Performance Considerations:

FP16 inference: On CUDA devices, we enable half-precision for 2x speedup with minimal accuracy loss
Warm-up call: The first inference after model load triggers CUDA kernel compilation, which can take 5-10 seconds. We run a dummy inference during loading to shift this overhead to initialization time
Audio normalization: Whisper expects float32 values in. We handle int16 and int32 formats commonly produced by audio libraries

Step 3: Llama 3.3 Inference with 4-bit Quantization

Llama 3.3 8B requires ~16GB in FP16. We'll use 4-bit quantization via bitsandbytes to fit in 6GB VRAM, making it accessible on consumer GPUs.

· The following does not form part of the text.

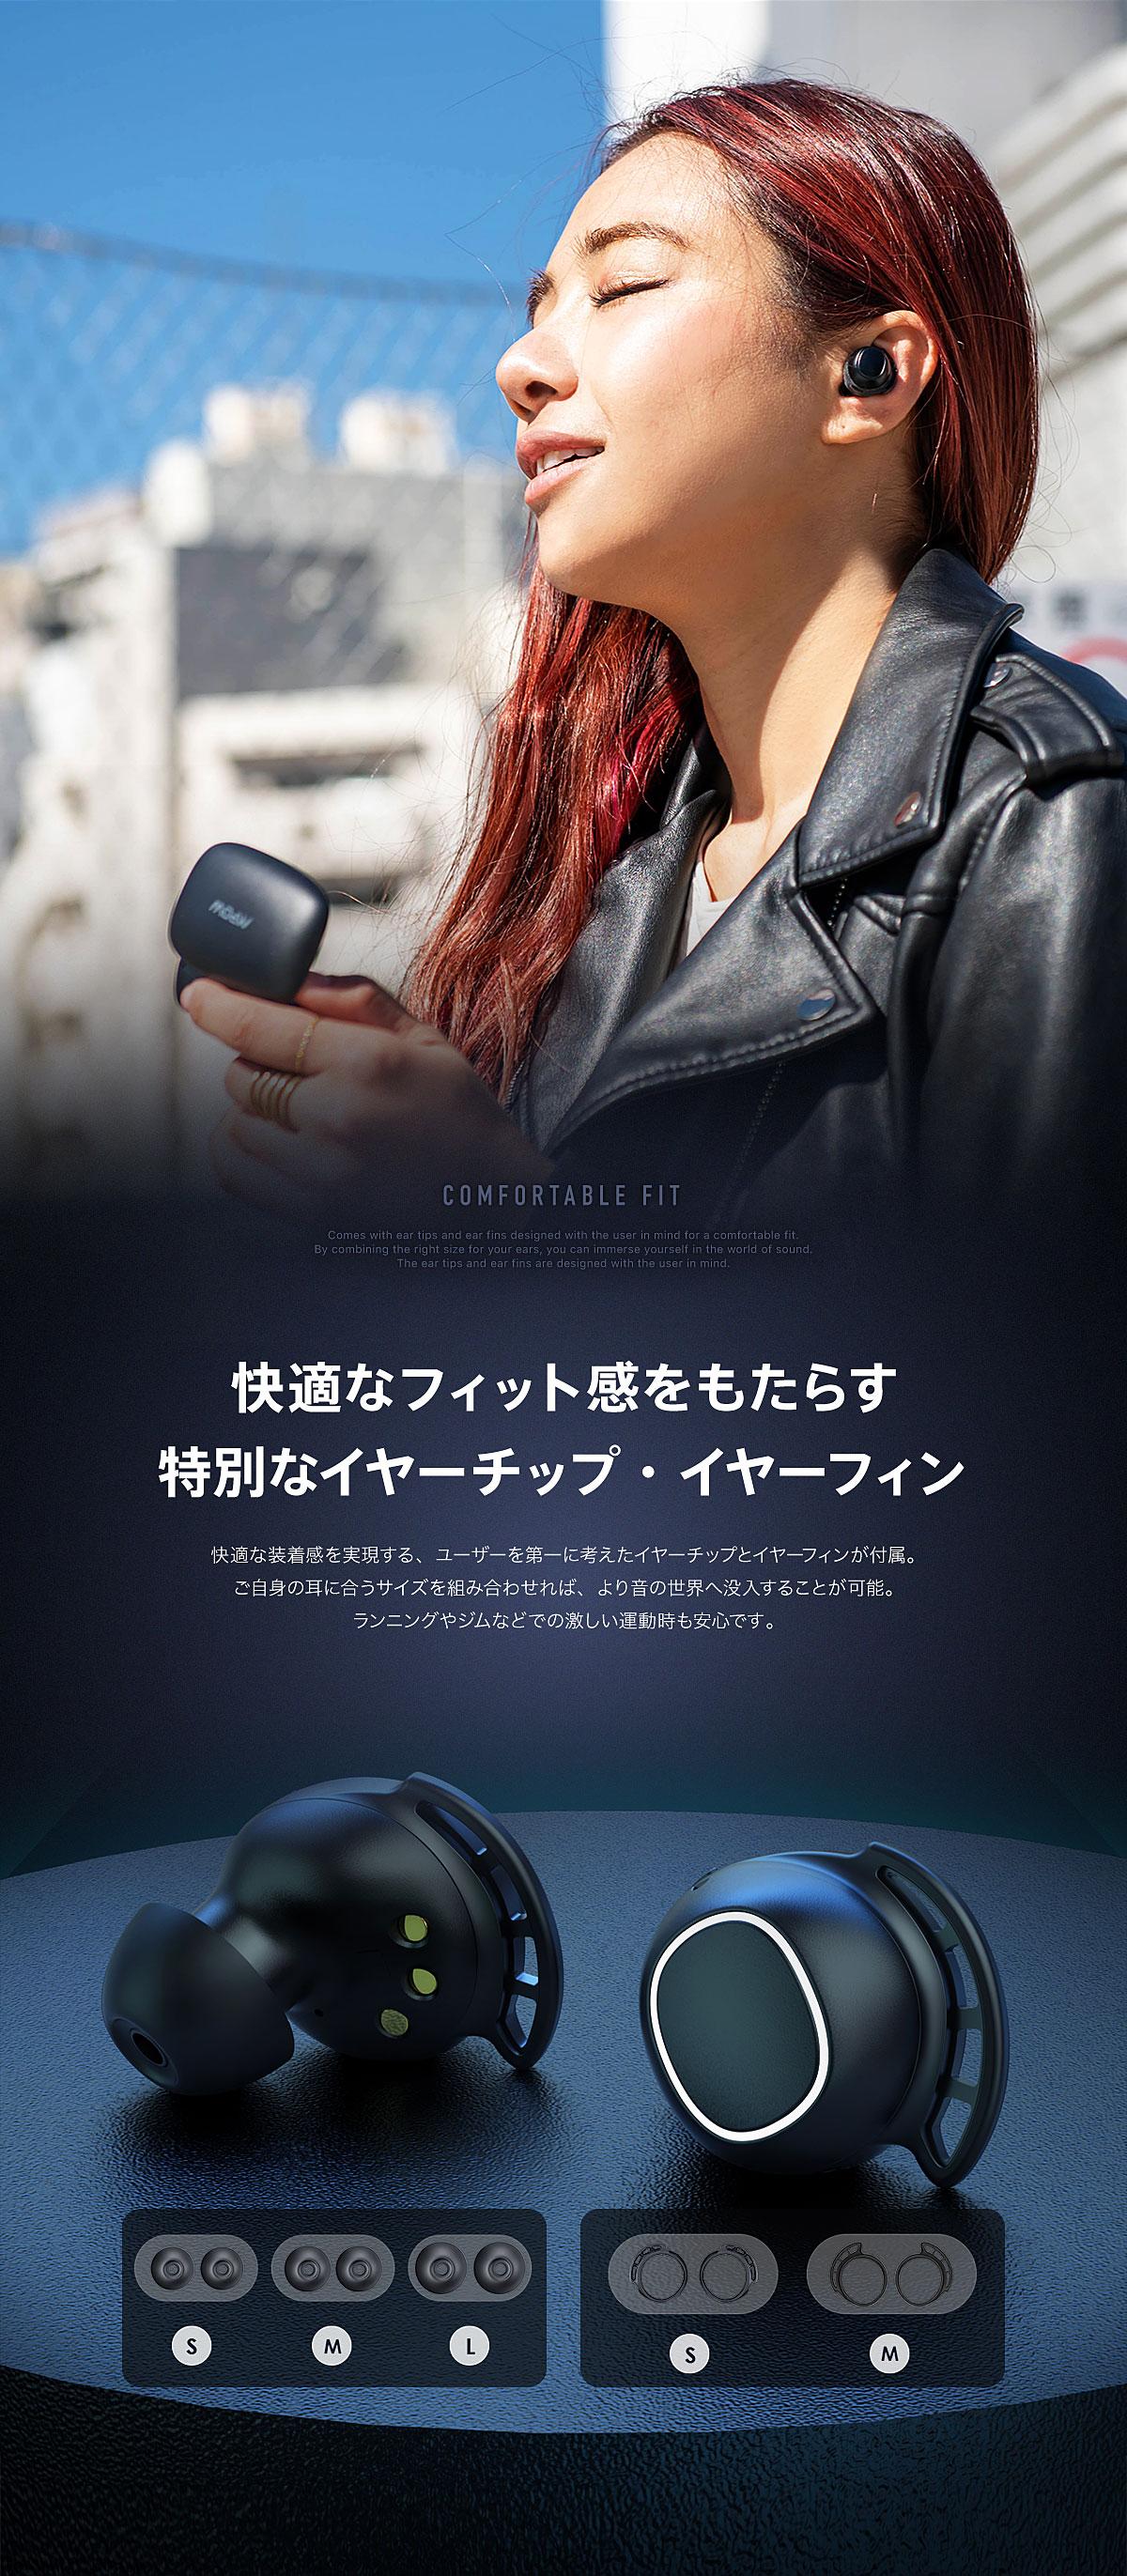 ワイヤレスイヤホン 高音質 防水 IPX7 イヤホン bluetooth ブルートゥース イヤホン bluetooth イヤホン イヤホン ワイヤレス bluetoothイヤホン イヤホン マイク付き ワイヤレスイヤホン iphone

from transformers import AutoModelForCausalLM, AutoTokenizer, BitsAndBytesConfig
import torch

class LlamaAssistant:
    def __init__(self, model_id="meta-llama/Llama-3.3-8B-Instruct", device_map="auto"):
        """
        Initialize Llama 3.3 with 4-bit quantization.

        Args:
            model_id: HuggingFace [4] model identifier
            device_map: "auto" for multi-GPU, "cuda:0" for single GPU
        """
        self.model_id = model_id
        self.device_map = device_map
        self.tokenizer = None
        self.model = None
        self.system_prompt = """You are a helpful voice assistant. Respond concisely and naturally, 
        as if speaking aloud. Keep responses under 100 words unless the user asks for detailed information. 
        Do not use markdown formatting or bullet points. Speak in complete sentences."""

    def load_model(self):
        """Load quantized model and tokenizer."""
        if self.model is None:
            print(f"Loading {self.model_id} with 4-bit quantization..")

            quantization_config = BitsAndBytesConfig(
                load_in_4bit=True,
                bnb_4bit_compute_dtype=torch.float16,
                bnb_4bit_use_double_quant=True,
                bnb_4bit_quant_type="nf4"
            )

            self.tokenizer = AutoTokenizer.from_pretrained(self.model_id)
            self.tokenizer.pad_token = self.tokenizer.eos_token

            self.model = AutoModelForCausalLM.from_pretrained(
                self.model_id,
                quantization_config=quantization_config,
                device_map=self.device_map,
                torch_dtype=torch.float16,
                trust_remote_code=True
            )

            print("Llama 3.3 model loaded successfully.")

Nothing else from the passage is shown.